How about the “I challenge any superstar in the locker room” routine? That never gets old. Anytime an up and coming superstar (generally a heel) or a “B-list” superstar “call out” an opponent to challenge, it’s always the most dominant superstar who answers. (When I say dominant, I mean physically monstrous in size and height.) 

This past week’s Smackdown also showcased new superstar Dolph Ziggler, as he aimed to make his mark among the WWE elite. Ziggler got The Great Kahli knocking down his door. Kahli answers a lot of these calls, he happily responded to “The” Brian Kendrick’s “call out” not so long ago also. In the weeks leading up to Wrestlemania 25, Jamie Noble thought it would be wise to call out a few superstars. One of his opponents wound up being “The Big Red Machine,” Kane. Not surprisingly, he lasted only a few seconds in the ring with each of his adversaries.

There can only be two logical explanations for the challenge routine. One is to give a boost to a potentially successful superstar’s career, and the other is saved for cutting promo’s for a PPV to come, usually Wrestlemania. This was the case with the Jamie Noble storyline-but, logic doesn’t really belong in this equation now does it?
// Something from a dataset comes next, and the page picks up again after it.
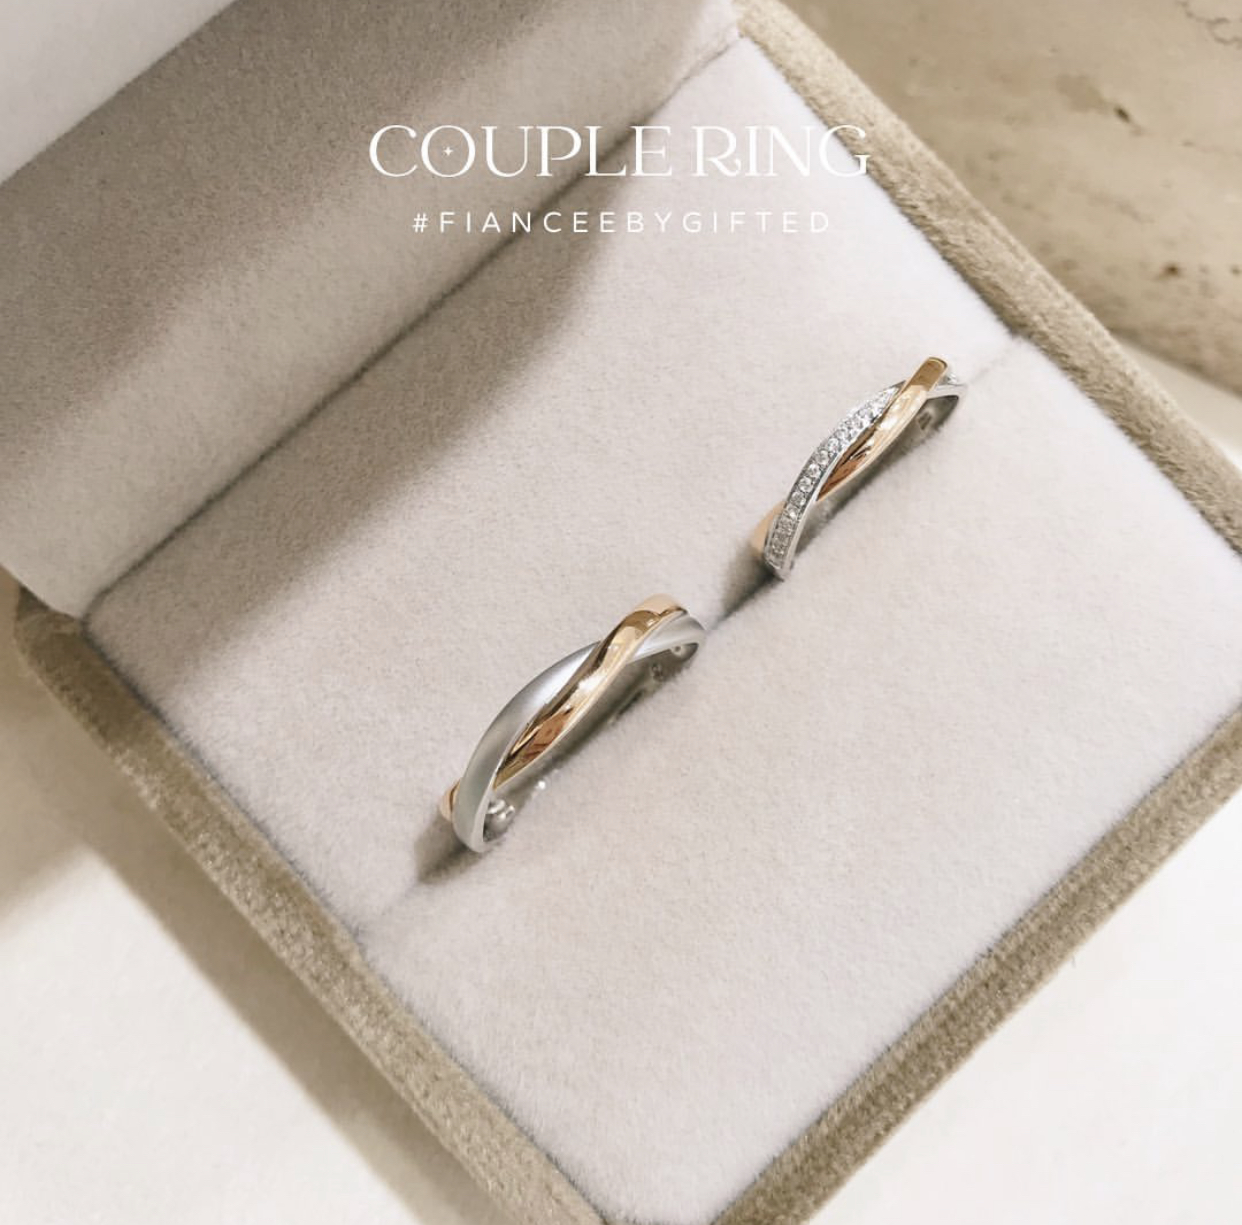 FIANCÉE-Fancy Couple Ring
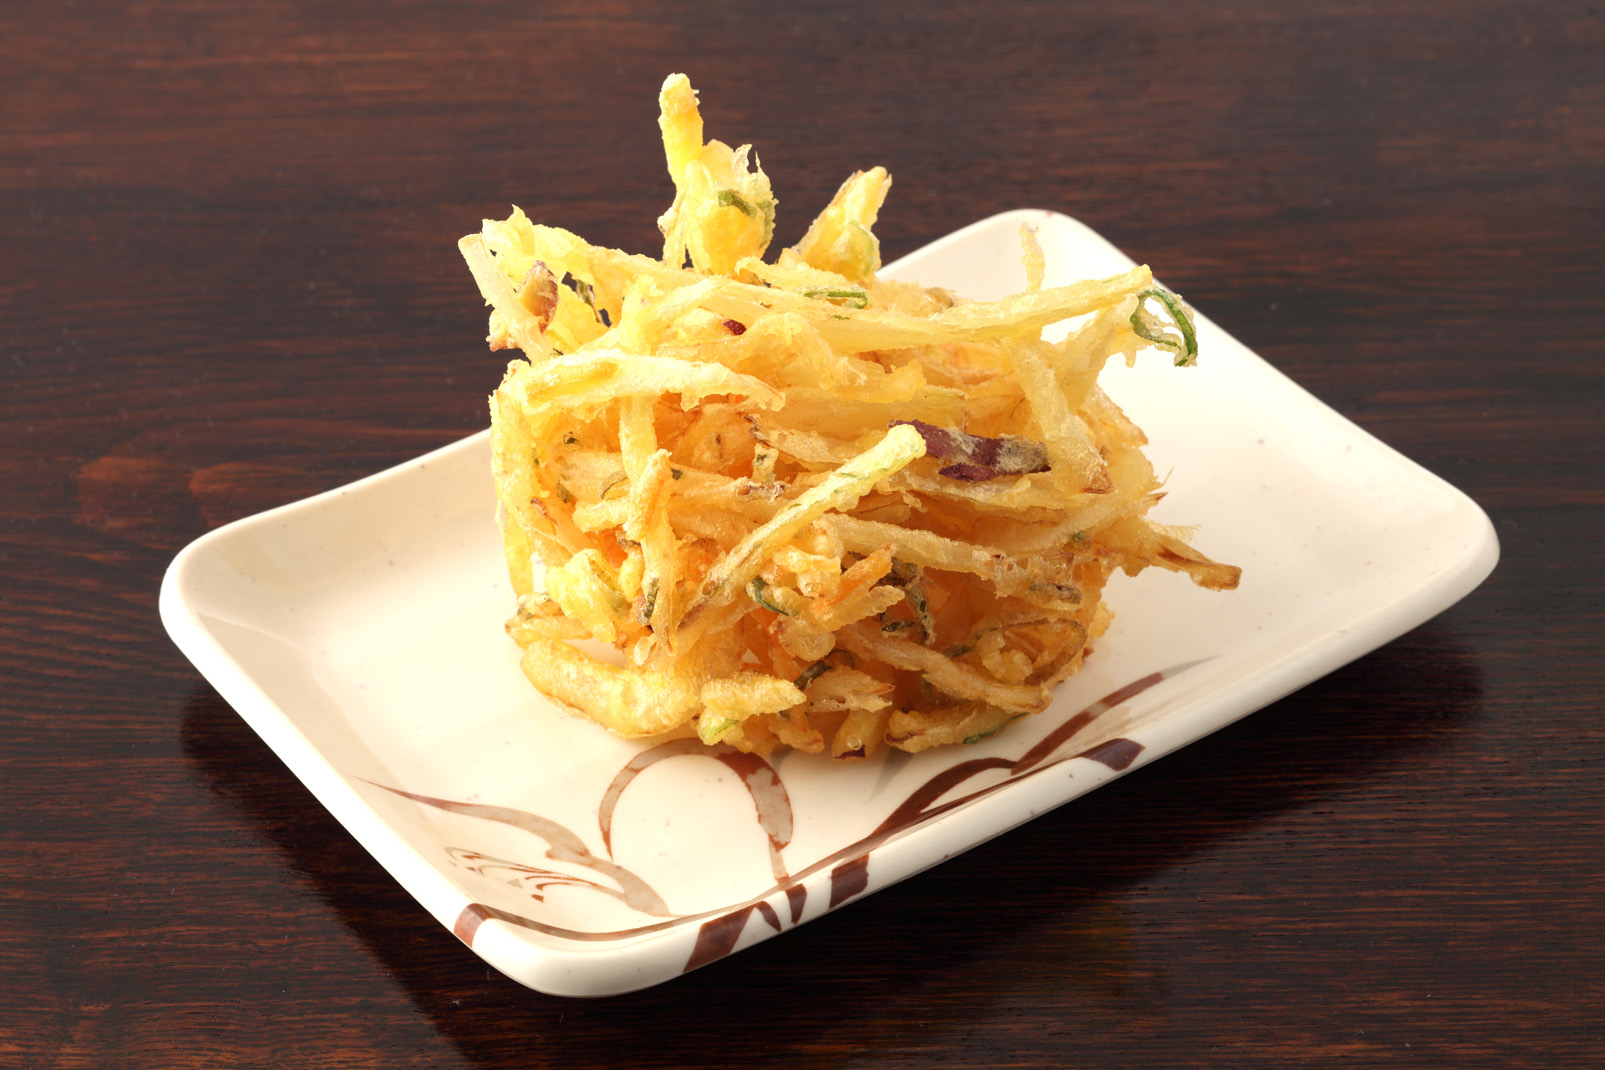 丸亀製麺の天ぷらテイクアウト人気ランキング3位の「野菜かき揚げ」

It wouldn’t be called sports entertainment if it did.

Funny thing is, I probably wouldn’t change a thing-well, not many things.

The WWE Creative Team Rises from the Dead


Until very recently the storylines in the WWE had become vacuous and stale. An ex wrestler, and new found buddy of mine brought up a pretty valid point. It seems that during the time the WWE’s ratings were dropping like fried insects from an outdoor bug zapper, Vince McMahon was trying to re-focus his attention on the “realism” of wrestling. This could have been a disastrous move. The WWE is a worldwide phenomena, but not because of the wrestling alone, not any longer.

It’s no secret that the WWE’s success comes from the malevolent rivalries and the often outre storylines; afterall, it is called sports entertainment. To try and go backwards, when wrestling was just wrestling is not plausible. Those times have long since died, and the outing of this type of wrestling as being fake is indelible. This is not to say that the grappling techniques, or the in ring action is fake, but rather the scripting of the storylines and the win/loss scenarios. Real fans of wrestling know all to well the strain that is put on these performers bodies on a weekly basis, it is no easy task to maintain the physical attributes neccessary to withstand the kind of punishment they take. One has to admire the Ric Flair’s, Hulk Hogan’s, Shawn Michael’s, and Undertaker’s in this business, all of whom have wrestled off and on for over two decades.

So, is it really that much of a shock that the near non existant storylines, and the mostly short lived, hollow rivalries didn’t fly among the WWE Universe?  

To the Rescue!

 In recent months, the creative team has saved face by producing several new storylines. The Orton vs. Mcmahons’ feud was a brilliant move, bringing back shades of the popular “attitude era” of the nineties and early 21st century. Even more impressive is the teams idea to pull a switch by turining the Mcmahons’ role face, and the antagonist (in this case, Randy Orton and Legacy) as the heel. It’s the Stone Cold storyline all over again, with a few variations. The Edge, Vickie Guerrero, and Big Show storyline also shows signs of the “attitude era.” Who could ever forget the Kane and Tori storyline, or the Kane, Lita, and Edge storyline, which then turned into the Matt Hardy, Edge, and Lita storyline? Better yet, who could forget the Trish Stratus and Vince McMahon storyline? Thats classic entertainment.

One of the storylines that hasn’t seemed to be as effective as others in the past, is the Hardy brothers betrayal storyline. It’s been done again and again. We saw it with Bret and Owen Hart and Edge and Christian, (who aren’t really brothers by the way) among many more. The Hardy Boyz are arguably the most popular brother tag team the WWE has ever seen, which is why I believe it isn’t working so well. However, I do think it could be the right call for a short term period. It will finally give Matt Hardy an opportunity to create a separate identity, away from his fan popular brother Jeff.

 Overall, I’d say it’s a job well done. Kudos to you WWE creative team, we look forward to more entertainment!